Survey of Arts Management

Course blog for American University PERF-570, Fall 2014

are you generous or not?

3.26_imageEach year, six out of seven Americans donate less than 2% of their income and about a half of that group donates less than a $1 to charities or other causes.  This article explores the reasons why people shy away from being overtly “generous”, claiming it can be culturally inherent. Some of the reasons people do not give away money include: the tendency to think that donating is not their responsibility, the belief that they do not have enough money to spare, the feeling that their plate is too full and can’t muster the time/energy to contribute, and the belief that the poor should help themselves.
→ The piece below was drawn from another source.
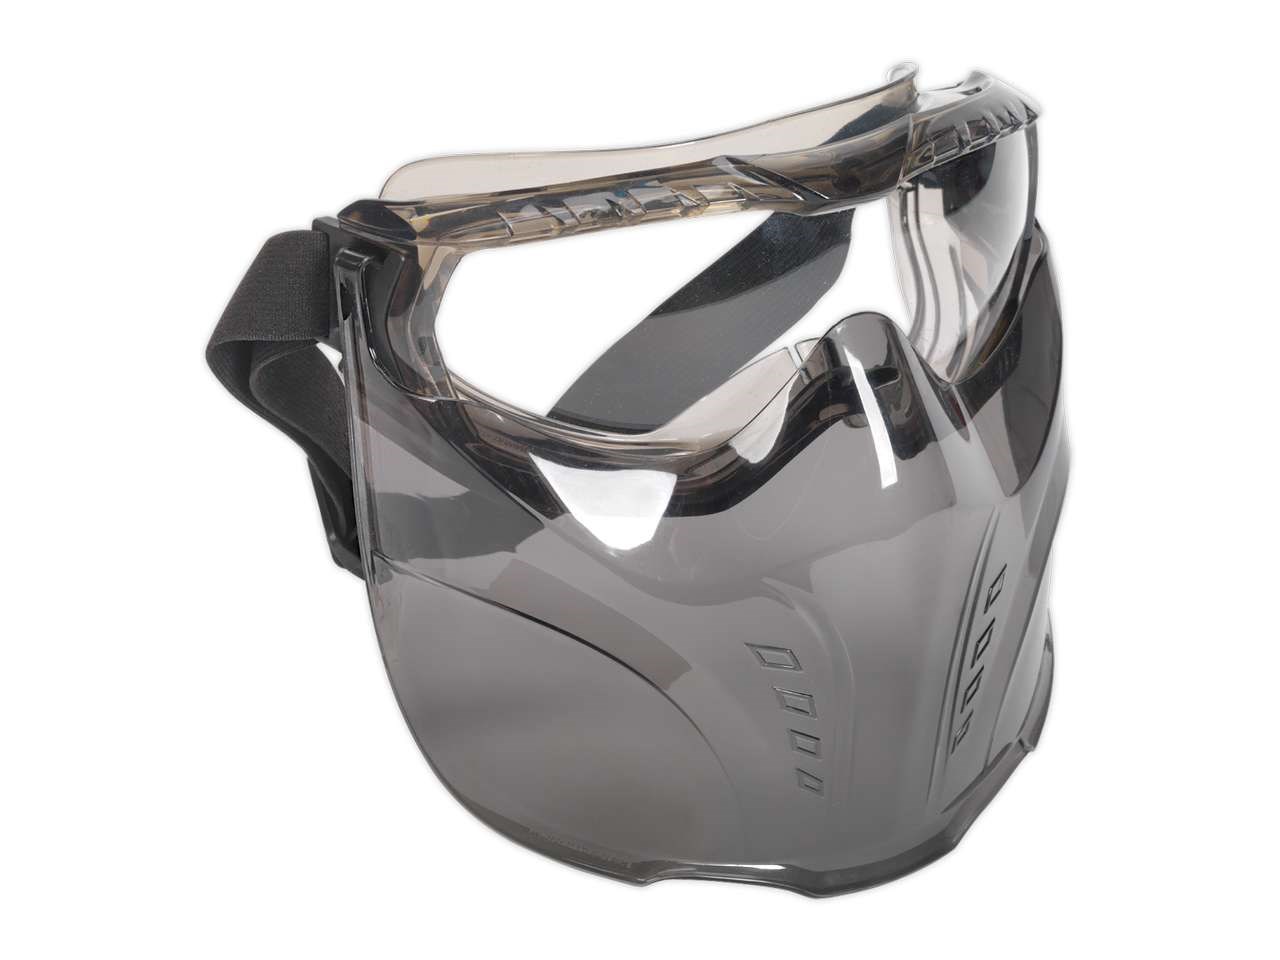 Sealey Ssp76 Safety Goggles With Detachable Face Shield

In short, people often do not donate out of an instilled anxiety of self preservation.  One of the many reasons why this frame of thinking is unfortunate is because  contributing can generate positivity:

“We find a strong and highly consistent association between generous practices and various measures of personal well-being like happiness, health, a sense of purpose in life, and personal growth.”

As mentioned in the article, the happiness ones feels from donating to a cause they believe in outweighs material happiness. It is important for arts managers, particularly those in development departments, to understand the barriers many (potential) donors face and help them become engaged in the organizations that peak their interest. Doing so will help the art industry prosper and help the individual generate more of that positivity.


2 comments on “are you generous or not?

  1. Jenni
    November 7, 2014

    Thanks for sharing this! I know I personally need to work on my generosity. I’ve always found it can be hard to remember to be generous when your bank account is low and your student debt is beyond comprehension. But I’ve found that if I budget for generosity, I am more likely to do so, otherwise I will spend that money without a second thought.

    I think that organizations looking to get Millennials to give generously need to find a way to incorporate a cause that they can care about, and be okay with them giving in small amounts. I know it is really important to me to feel that my small gift makes a difference, since I can’t afford to give more right now. And if they can make the project matter to the potential donor, and be authentic about it, they will get more of a response (as we’ve seen with the many crowd sourcing campaigns on sites like Kickstarter). They also need to make it easy for them to give online (whether through an easy web address or having mobile devices available onsite) and in the moment. Because I know that if I don’t give at the moment I feel the call to action, I won’t do it.

  2. yaoge2016
    November 7, 2014

    After reading the article, I know what the author stands for. But the argument is not that convincing for me for the author only “interviewed 30 Americans who we classify as ungenerous to find out what they make of their lack of generosity and what they think stands in the way of becoming a more generous person.” Can only 30 of them represent all those ungenerous American? I’m afraid not. And I don’t think voluntary time and donation can be the only measurement of generosity, though they are crucial to nonprofit arts organizations. What about a man caring much for his neighbors and helping them out without the use of money, during which he has devoted lots of energy to it? Isn’t he generous?